The New York team (my team) was responsible for migrating synthetic CDO’s. These are sophisticated and complex credit instruments that required a lot of input data and some intense number crunching. Fortunately the number crunching was handled by a blackbox analytics package owned by our quant team and the new platform itself was already largely developed. We just needed to implement the new business logic plus data queries, apply any relevant analytics package upgrades, run the batches, and get sign off on the results. Not so bad, we thought.
It would be well over a year before the first synthetic CDO batch was approved to go live in the new production system. What happened?
We had inadvertently brute forced our project plan. Usually when folks talk about migrations they lean into the technical end of things like strangler patterns and routing records to new databases. Today I’m going to talk about the operational bits, though - how you phase changes, work out dependencies, verify results, and work with other teams.
That first migration was a nightmare. Luckily (?) we didn’t stop at synthetic CDO’s and had the opportunity to iterate on our approach as we took on several more credit instrument types. I will cover what I remember as the three major iterations of our migration plan before wrapping things up with some key takeaways.
Some background
It helps to know a little more about the changes we were making and who was involved before jumping into those three phases.

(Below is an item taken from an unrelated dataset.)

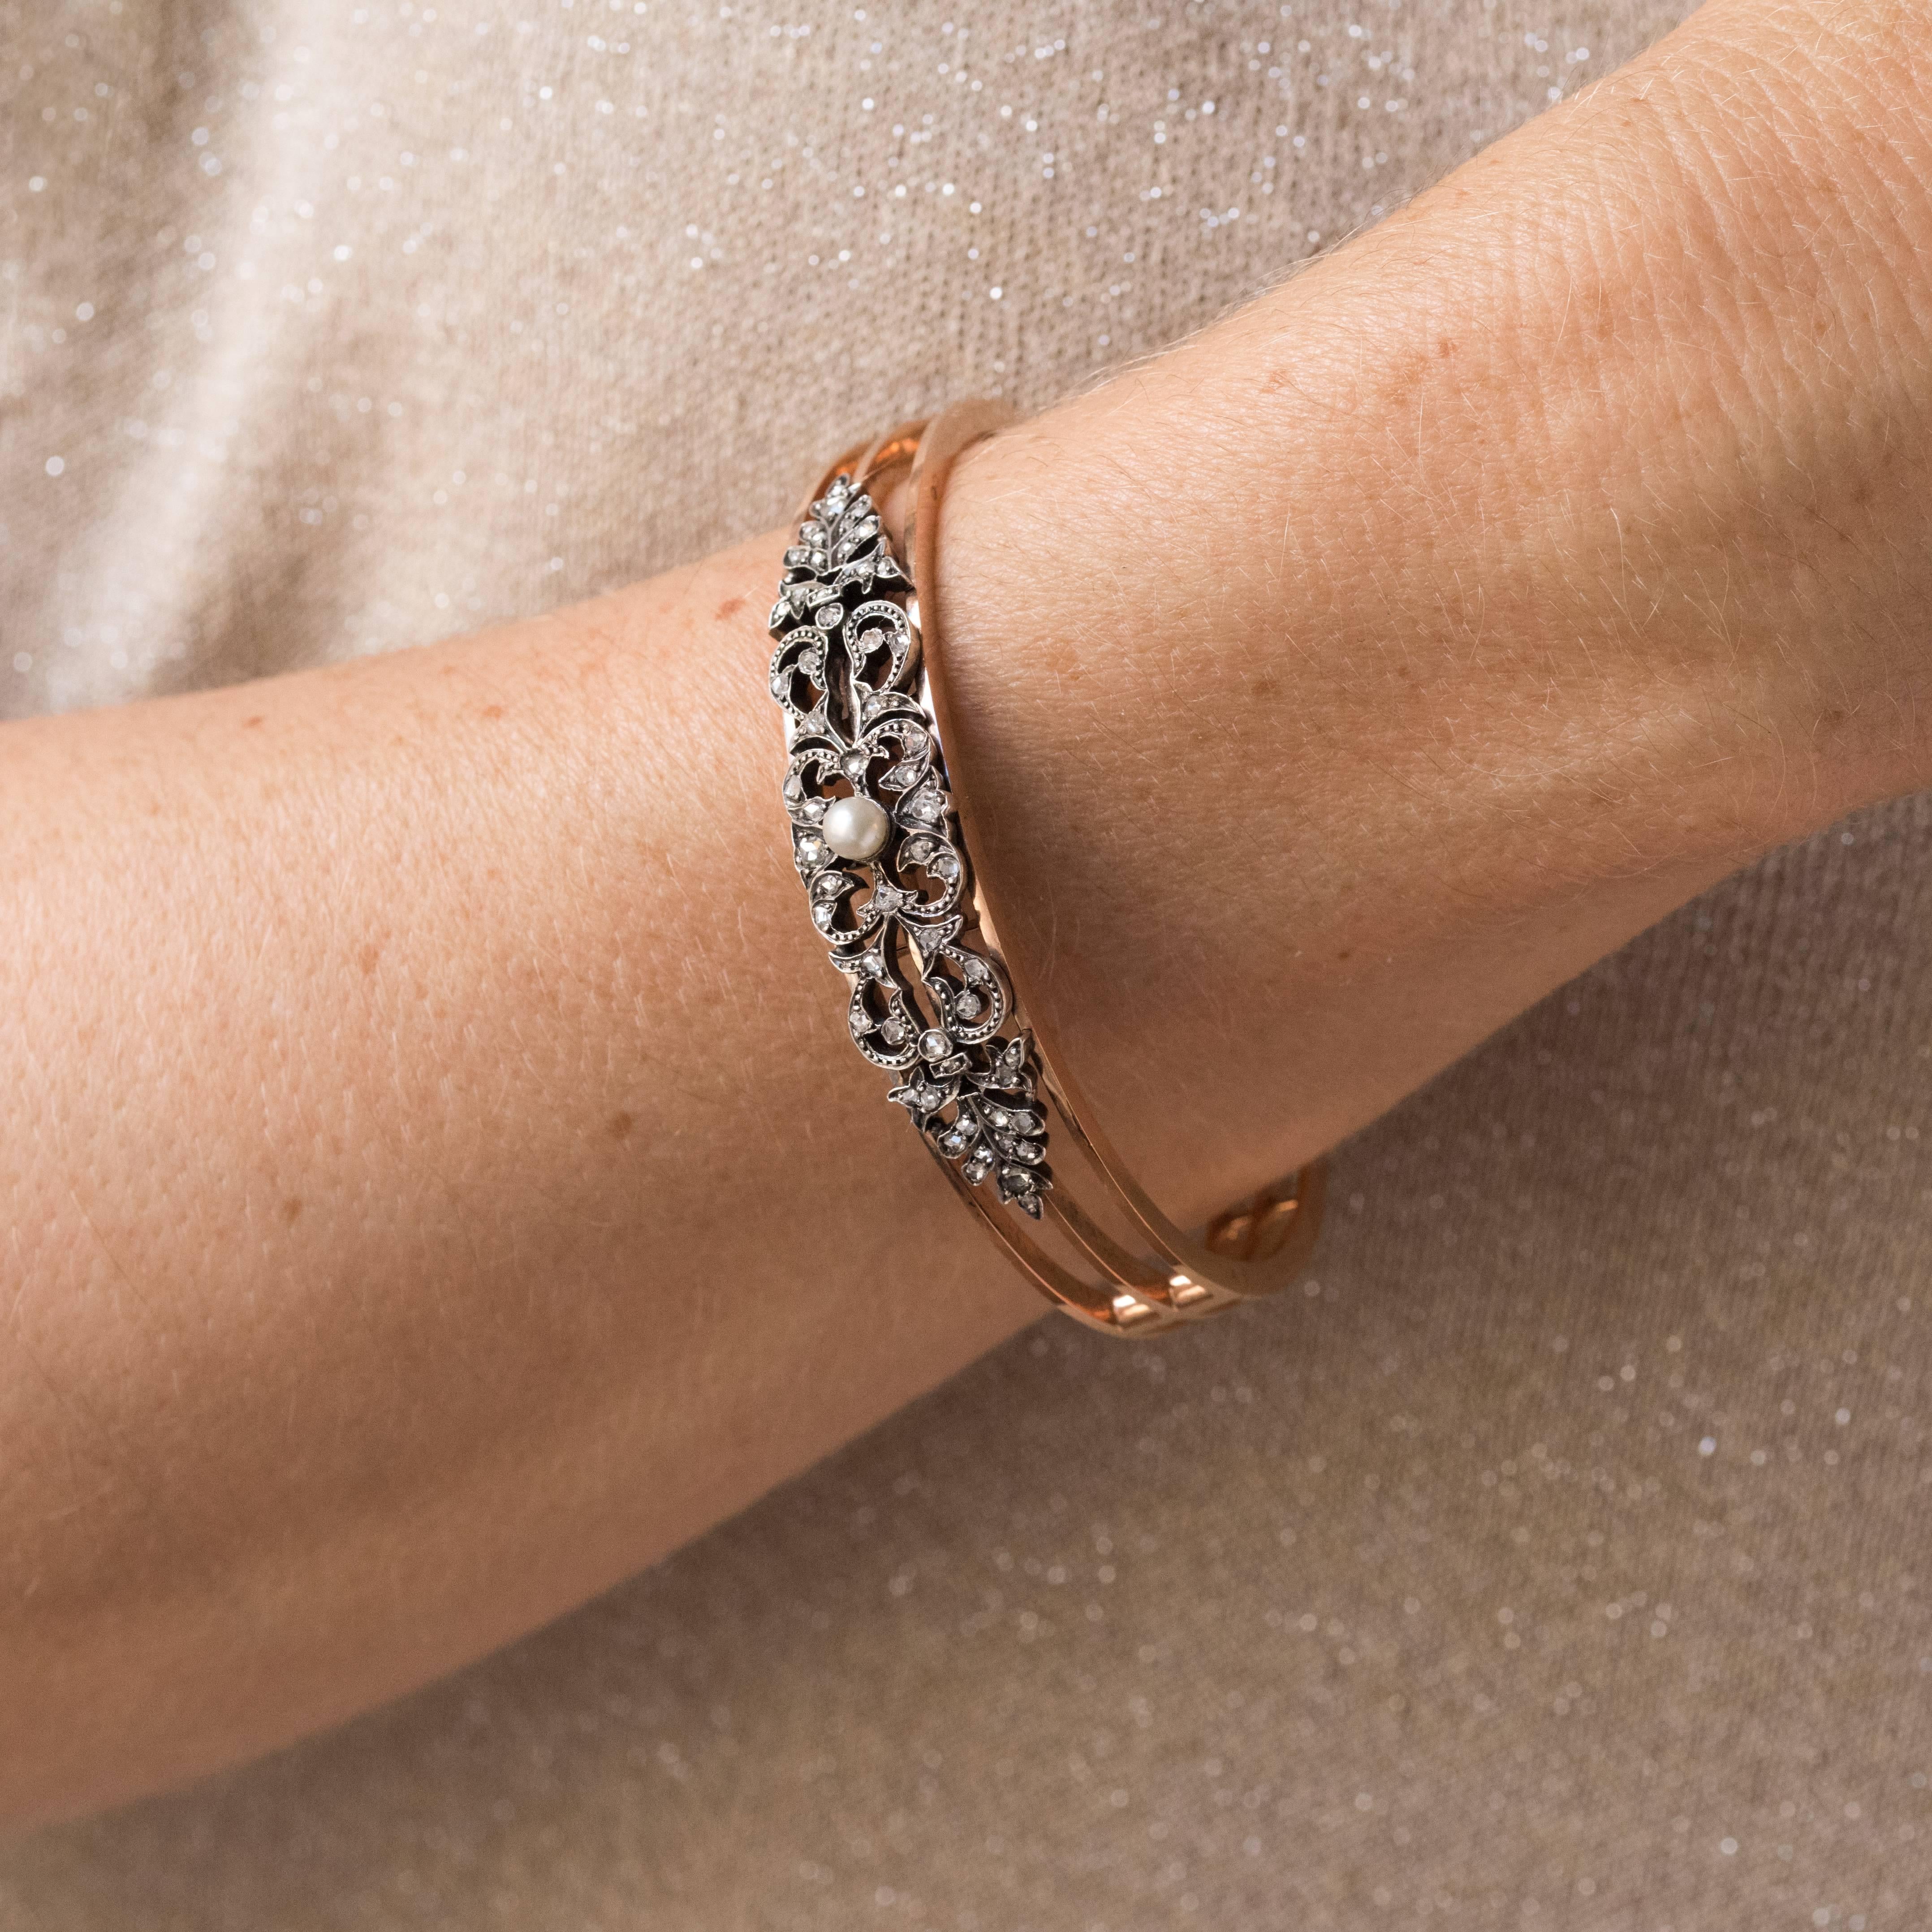 Bracelet in 18K rose gold and silver, owl hallmark.
A hinged bracelet consisting of three separate but connected gold bands. Decorated at the top with an openwork floral design incorporating rose cut diamonds and a fine pearl at the centre. The

Our migration required changes to:
The risk platform itself. Brand new codebase in a different language under a different architecture.
Where we got our input data from. Ours was not the only system in flux. The entire ecosystem was getting an overhaul and we were expected to pull input data from a new place.
Where we published our output data to. See above re: ecosystem in flux.
The analytics package. There were a bunch of new numbers the quants wanted to expose to our traders and other players on the front office side so that they could make more informed decisions. This ended up requiring several iterations to the package.
The migration required major participation from:
The NY-based risk platform team. Participants were my manager and me. We were responsible for building the new business logic and data queries required for handling synthetic CDO’s. We also had a London-based team with whom we collaborated. They were largely focused on other credit instruments (bonds and CDSs) and had developed much of the new platform. London didn’t participate in this specific project (migrate synthetic CDO’s to the new platform) but we did have to work closely with them to ensure we weren’t stepping on each others’ toes.
A data pipeline team1. Participants were the project lead and a senior IC. For the purposes of this post they: 1) published much of the input data we needed to its new home and 2) pulled our output data into another system where the desk could actually use it.
The quants. Super duper math-y types who interacted closely with the traders. They owned the analytics package, a c++ library which did all the number crunching. Our risk platform would make library calls to the analytics package and then publish the output to its home. The package was a blackbox - only the quants were permitted to have visibility into the code.
The front office support team. These folks sat on the trading floor and worked with the traders when there was a problem. They would route issues to the appropriate team when they couldn’t solve the problem themselves or when a system appeared to be on fire2.
Phase 1: A naive brute force solution
We felt the problem was fairly straightforward. Our initial project plan mirrored that perceived simplicity. It looked like this:
Given M changes and N trades:
Make M changes ← bug #1
Run the batch job
Foreach trade in N trades:
Compare output to legacy output
If different:
Pull the new and legacy inputs to the analytics package then send everything to the quants to debug ← bug #2
Fix whatever issue we identified with the quants, either by fixing our code or applying a new version of the analytics package
Goto Step 2 (Run the batch job). ← bug #3
I think we implicitly assumed that we’d hit on the best case scenario - get everything right after just a few batch runs. Batch runs were expensive and so was the act of comparing outputs between the new and legacy systems (it was Big Bank after all so we were talking about a ton of trades). If we got things right early on then this approach made sense because we’d only run the batch a few times after making all the changes upfront.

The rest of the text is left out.